# Poulan Woodshark



## John1397 (May 27, 2009)

My chain saw runs and pulls good if you can get it started, but sometimes it will not idle just stops. I have disassembled carb everything seems ok adjusting don't help much. I can push down the reed so it should be working but I am wondering if I have enough suction or compression to open the reed valve to let fuel in, can one use a compression tester and what is the mininum psi to open reed valve? Two biggest problems it will not idle and hard to get started it cuts good under load so that should elimanate fuel, air cleaner, sparkplug. I just wonder if it does not have enough compression would it not cut wood?


----------



## pat mcgroin (May 1, 2009)

I would suggest a new diaphram in the carb.
When they get old they tend to get harder and are less responsive.
I just went through that with my homelite and it and the following made a huge difference.
I think it cost about $8.

Also Im not sure of the Poulan but on my homelite the fuel lines that go into the tank are very soft. It is that ability to compress that creates the seal so I had to pull the line up about 2 mm to get to where the line was soft again.
After years of being in that posistion the line compressed and stayed that way and caused a vacumn and minor fuel leak under the carb.

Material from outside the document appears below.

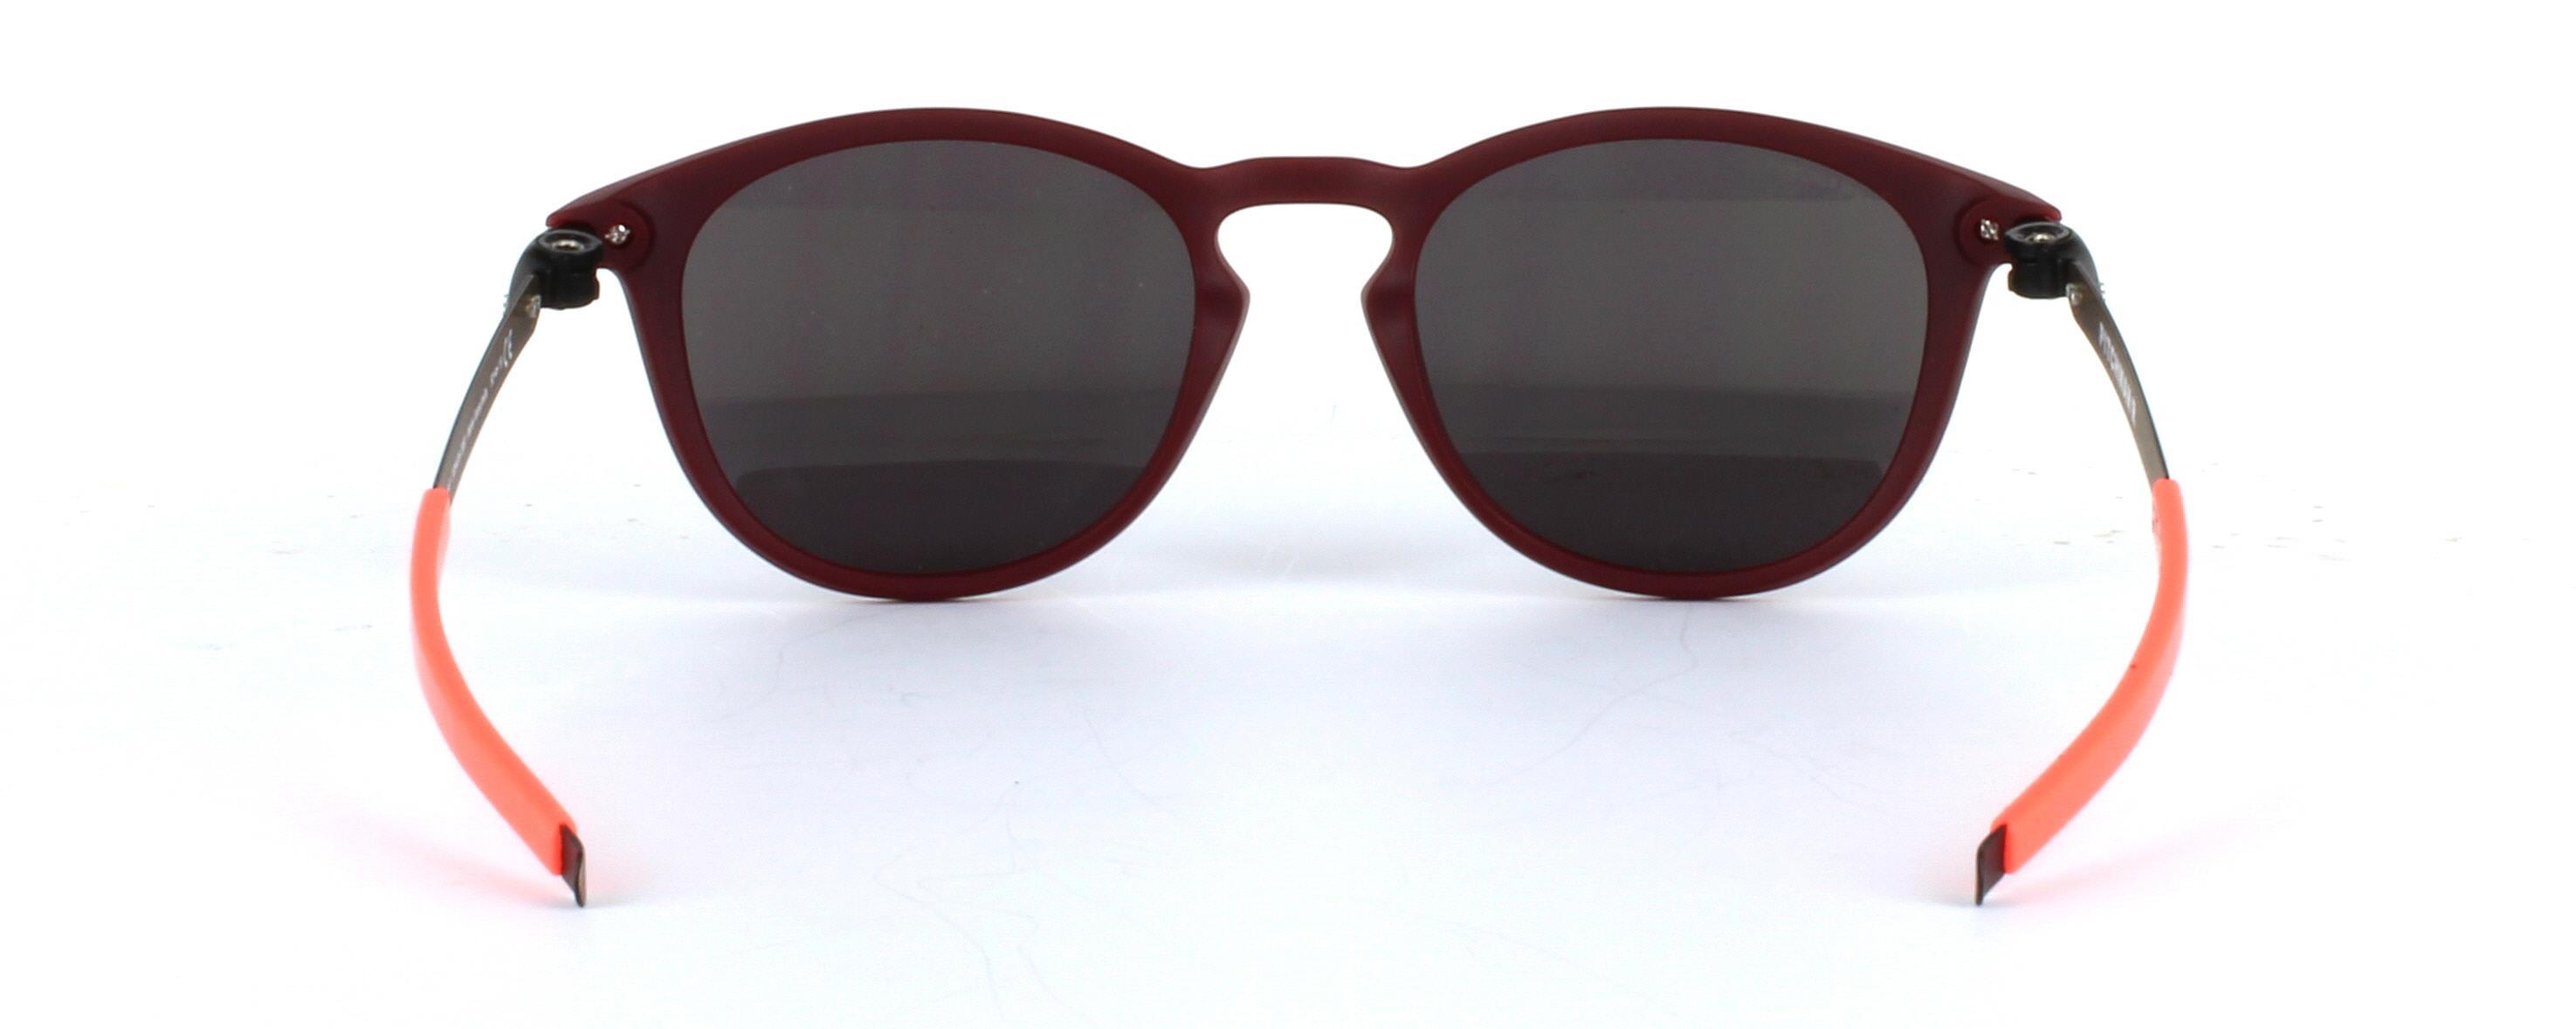 Oakley (O9439) Burgundy Full Rim Plastic Prescription Sunglasses - Image View 3

One other thing that you can try is to turn the idle screw all the way in (be gentle) and count the turns. Then remove it and shhot some carb cleaner in there to make sure there is no varnish in there not allowing the idle circuit to work.


----------



## K-B (Oct 24, 2005)

If you own or have access to a compression tester, that's the first step of troubleshooting a 2 cycle engine. It should have a bare minimum of 90 psi, most chainsaws will have power loss at 125, trouble running at 115 and most will not run at all below 100. 
A quick & easy test if you don't have a compression tester is to make sure the spark plug is in tight, then pick up the saw by the starter handle. If the rope runs out quickly & smoothly, the compression is too low. If it comes out slowly and stops for a few seconds at compression, it's OK.
Other causes could be bad diaphragms, plugged carburetor, cracked fuel line, leaking seal or gasket.


----------